Republicans’ voter suppression legislation is hardly a precision political weapon. It doesn’t need to be. In fact, if the laws harm their own voters Republicans are still fine with that so long as they hurt Democrats more. They are playing percentages. Republican leaders consider any of their own voters hurt by these vote suppression measures collateral damage. Acceptable casualties. Expendables.
CNN’s John Blake examines how features of the new wave of voter restrictions actually harm White people, making these laws less Jim Crow than Wile E. Coyote:
Some of the more obvious boomerang effects of these laws have already been noted. Voter restrictions anger and mobilize voters of color. They make it more difficult for older, rural White citizens to vote. And they discourage some White voters from even participating in elections.
Even some GOP leaders are now warning that restrictive voting laws are hurting their base. One commentator went further, saying Republicans are “inadvertently suppressing their own voters.”
That’s the conclusion Joel Mathis came to after examining the results of the recent recall election in California, where Gov. Gavin Newsom decisively thwarted the GOP-led effort to remove him from office. Initial signs suggested Republicans were energized after conservative talk show host Larry Elder entered the race, but almost every major demographic group in the state rejected the recall.
The effort to replace Newsom failed, in part, because Elder and other GOP leaders discouraged many of their own supporters from voting by alleging voter fraud in the lead-up to the election, Mathis said in a column in The Week. This was the same dynamic that led to Democrats winning Georgia and control of Congress in the last presidential election, Mathis noted.
But restricting the vote affects more than the outcome of elections, Blake concludes. Restrictive voting laws result in less competent lawmakers taking office. That’s what political scientist Alex Keena found in co-authoring “Gerrymandering the States: Partisanship, Race, and the Transformation of American Federalism.” Elections rigged to favor members of one party promotes politicians more focused on wedge issues than voters’ real needs.
(Gerrymandering favors people such as Rep. Marjorie Taylor Greene, Republican of Georgia, who behaves more like a heel wrestler than a public servant.)

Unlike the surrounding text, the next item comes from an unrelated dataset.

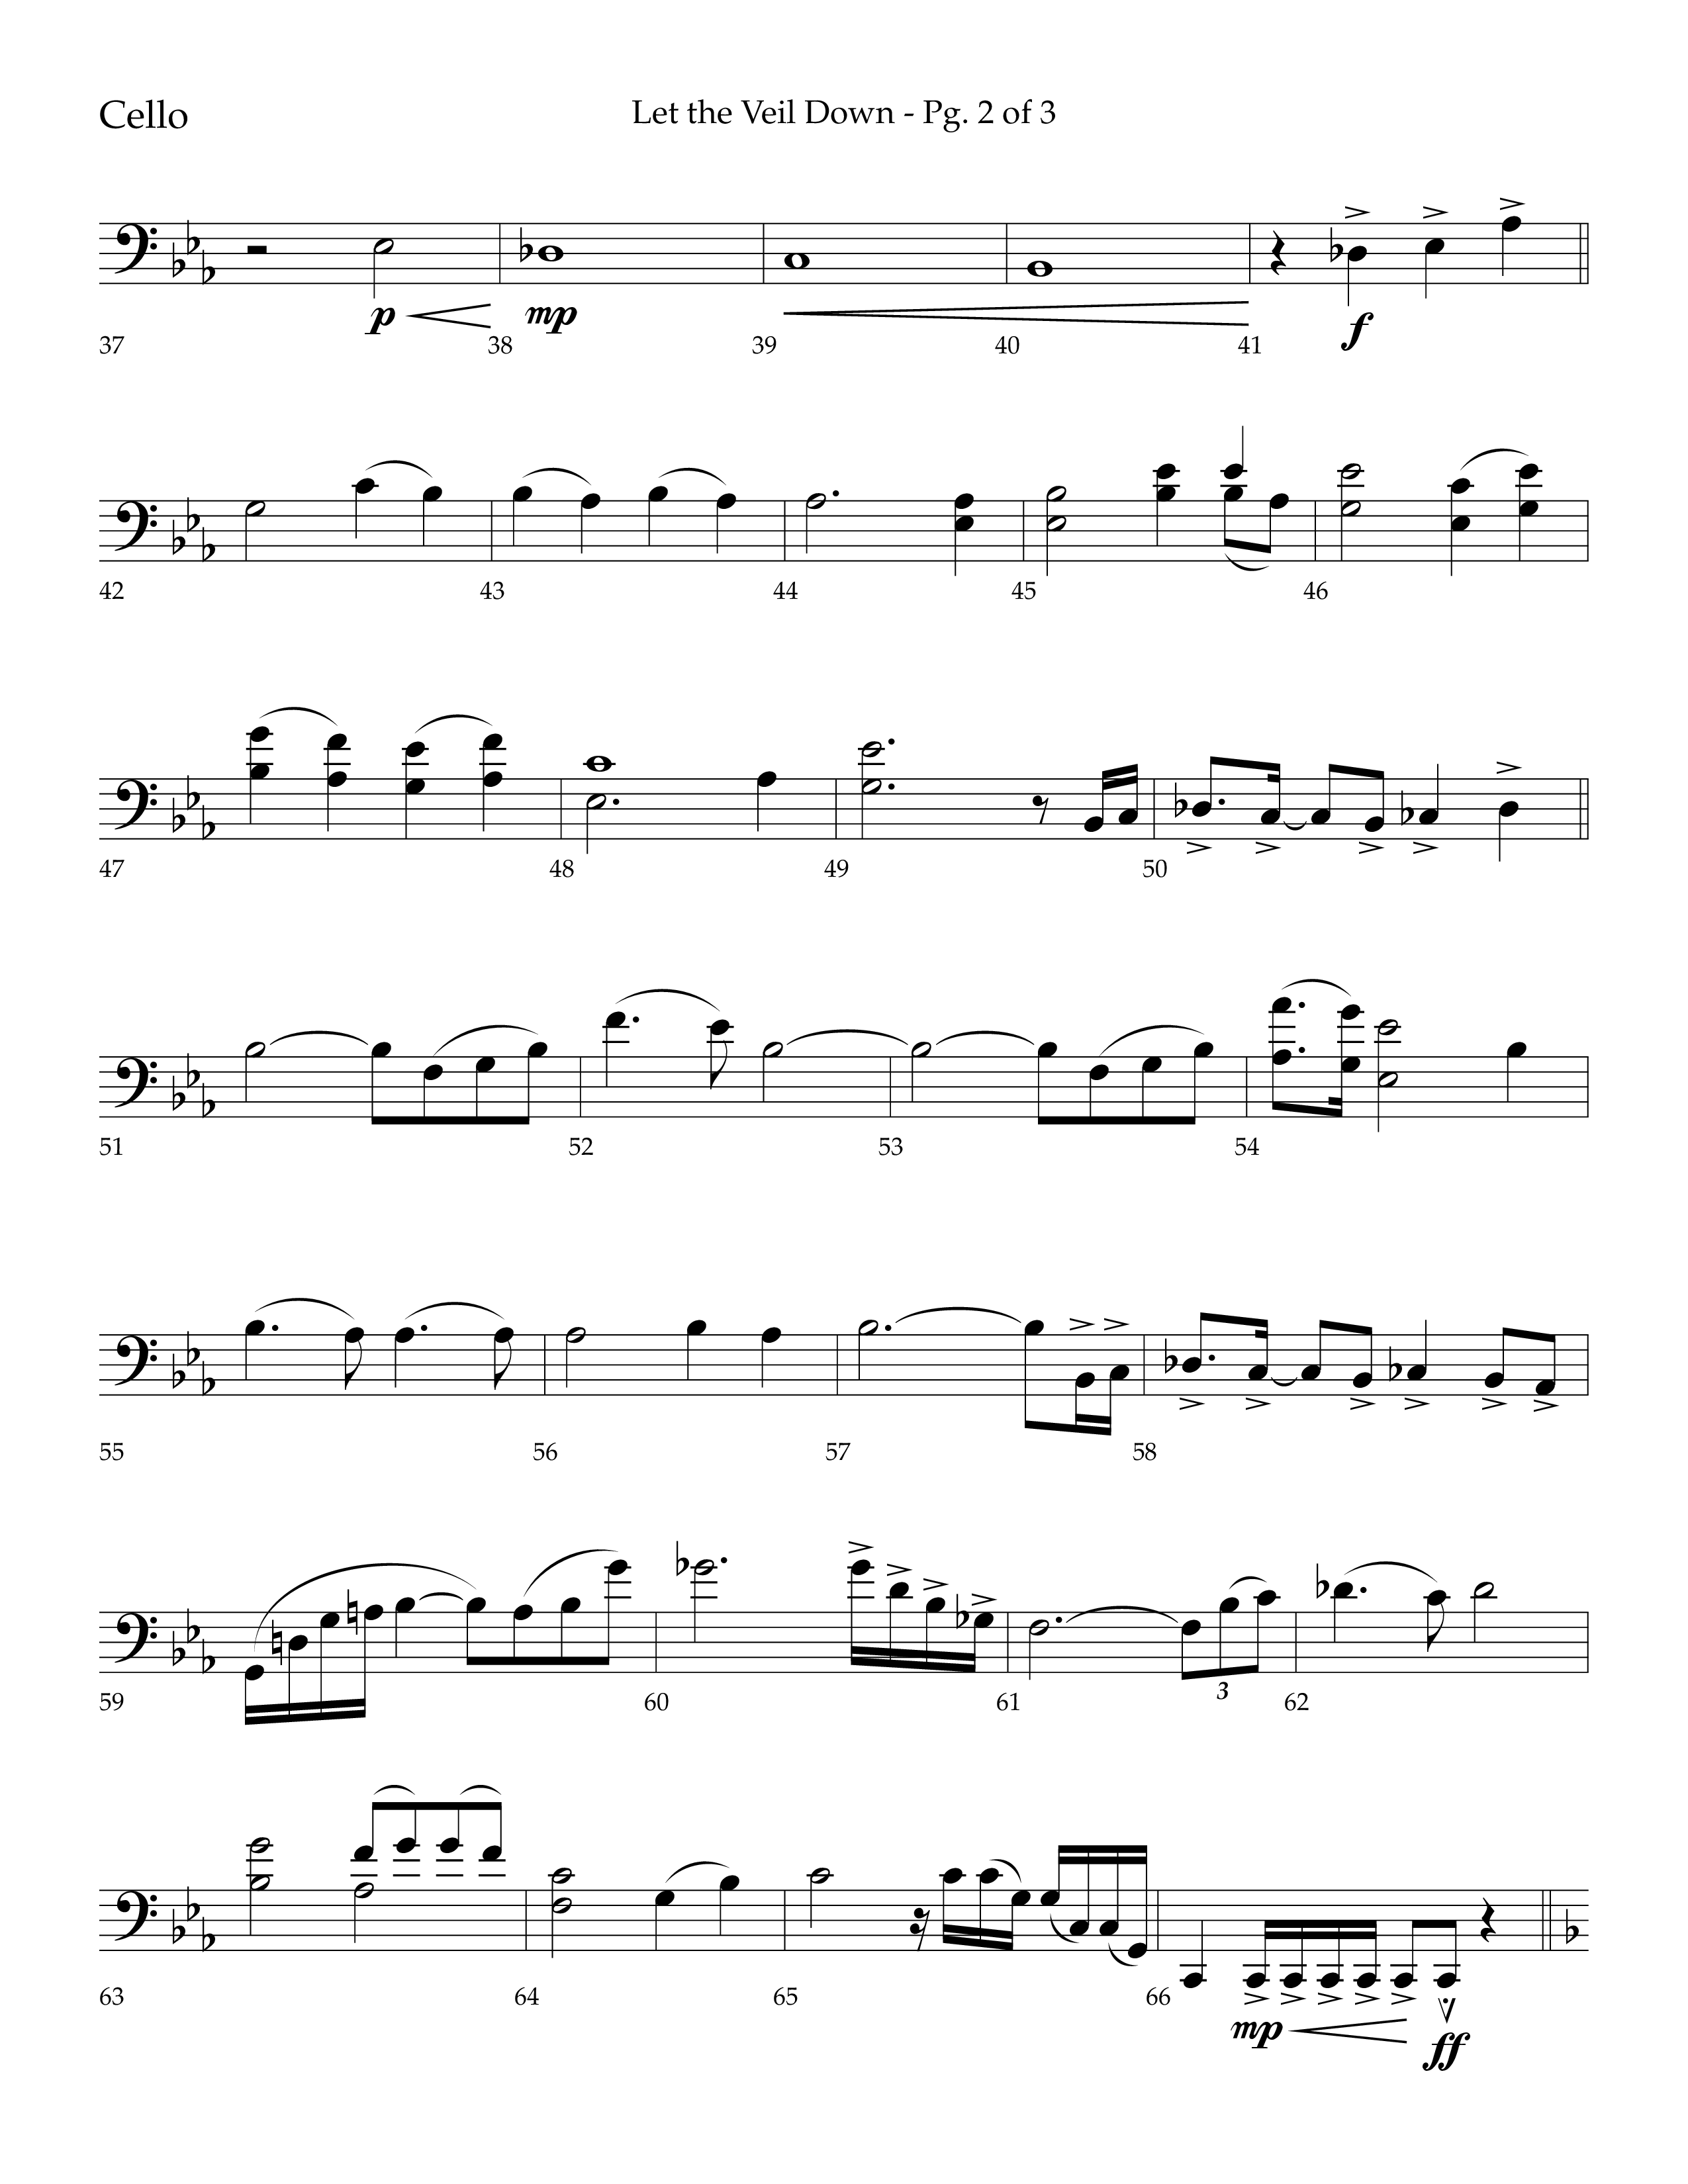 Let The Veil Down with I Exalt Thee (Choral Anthem SATB) Cello (Lifeway Choral / Arr. Cody McVey)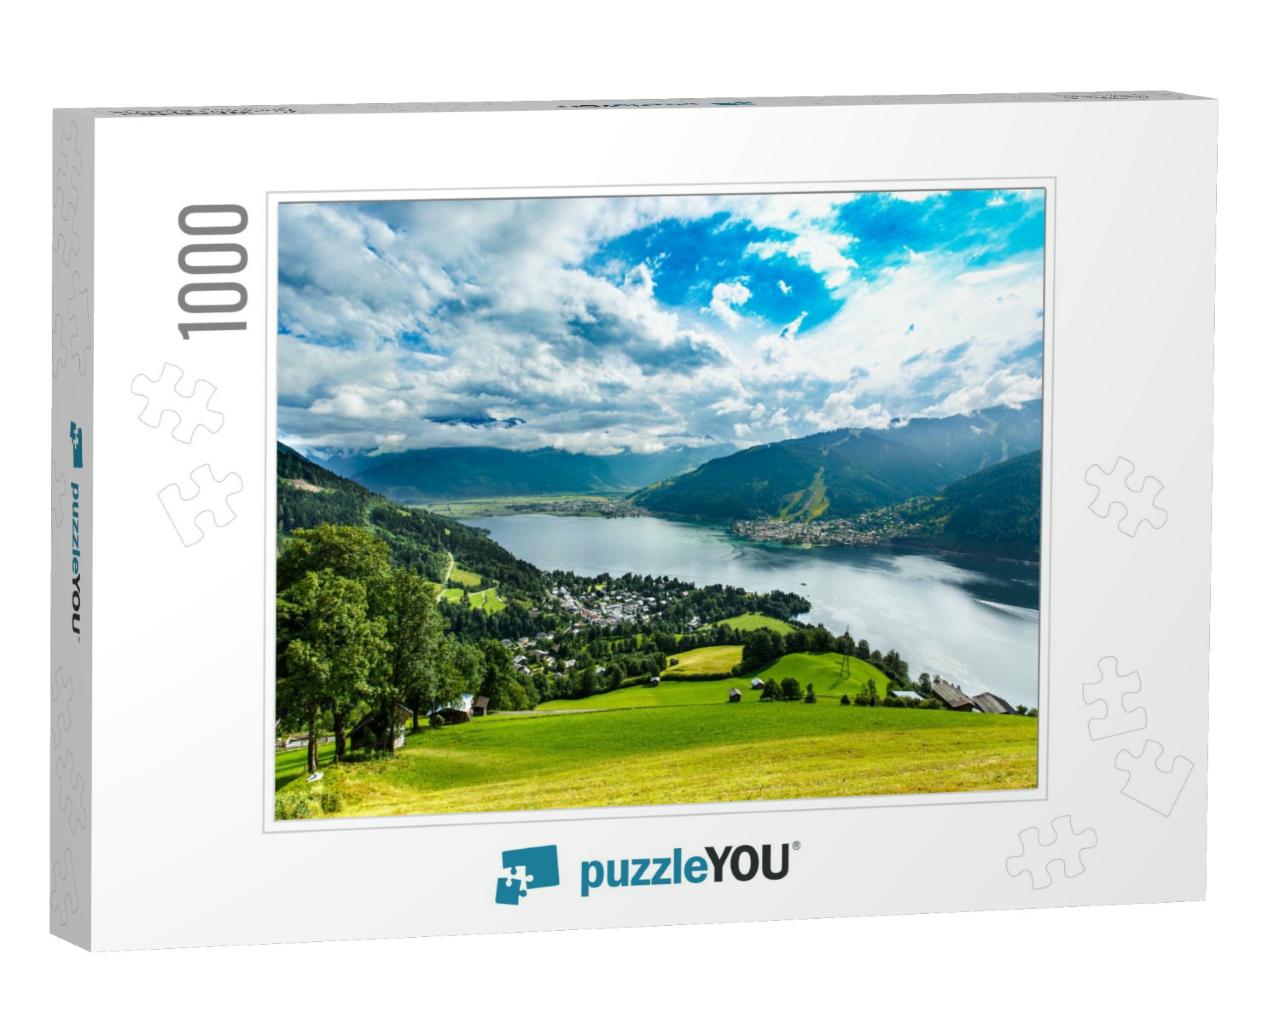 View Over Zeller See Lake. Zell Am See, Austria, Europe... Jigsaw Puzzle with 1000 pieces

“It leads to legislators who are good at getting elected and raising money, but they don’t know a lot about government,” says Keena, a political science professor at Virginia Commonwealth University.
This inability to govern can have lethal consequences. Keena says.
States that enacted partisan gerrymandering — redrawing congressional districts to favor the Republican party and deprive Black people of voting power — tended to have higher infant mortality rates, Keena says. They also were more likely to challenge the Affordable Care Act in courts and were generally less responsive to the COVID-19 pandemic in 2020 than Republican-controlled states that didn’t gerrymander, he found.
There is a phrase that describes what happens to some White voters in states like Mississippi. It’s called “Dying of Whiteness” — the name of a 2019 book by Jonathan M. Metzl that describes a political dynamic where racial, “backlash governance” leads to White voters picking political leaders who enact policies that tend to make them sicker, poorer and more likely to die early by gun suicide.
These laws alienate younger Whites by sending the message: We don’t want you to vote.
They enable politicians to ignore voices outside the elite, donor class, especially poor and middle-class White voices.
The wave of voter suppression laws targeting Blacks in the early 20th century turned the South into “an economic backwater where child labor flourished, workers were exploited and state governments did little to invest in social services and public schools for ordinary people,” Blake adds. “Such measures as poll taxes and literacy tests also prevented poor Whites from voting.”
But that’s where Republicans are. Public service is not their goal. Money, publicity and punditry matter more (MSNBC from January):
Following Sen. Rob Portman’s (R-Ohio) unexpected retirement announcement this week, National Journal spoke to one of the Republican senator’s longtime advisers about the state of the GOP.
“If you want to spend all your time going on Fox and be[ing] an a**hole, there’s never been a better time to serve,” Republican strategist Corry Bliss said. “But if you want to spend all your time being thoughtful and getting s**t done, there’s never been a worse time to serve.”
“Serve” has been excised from the job description in the current a pay-to-play system. Conservative White voters who support it do so at their own peril.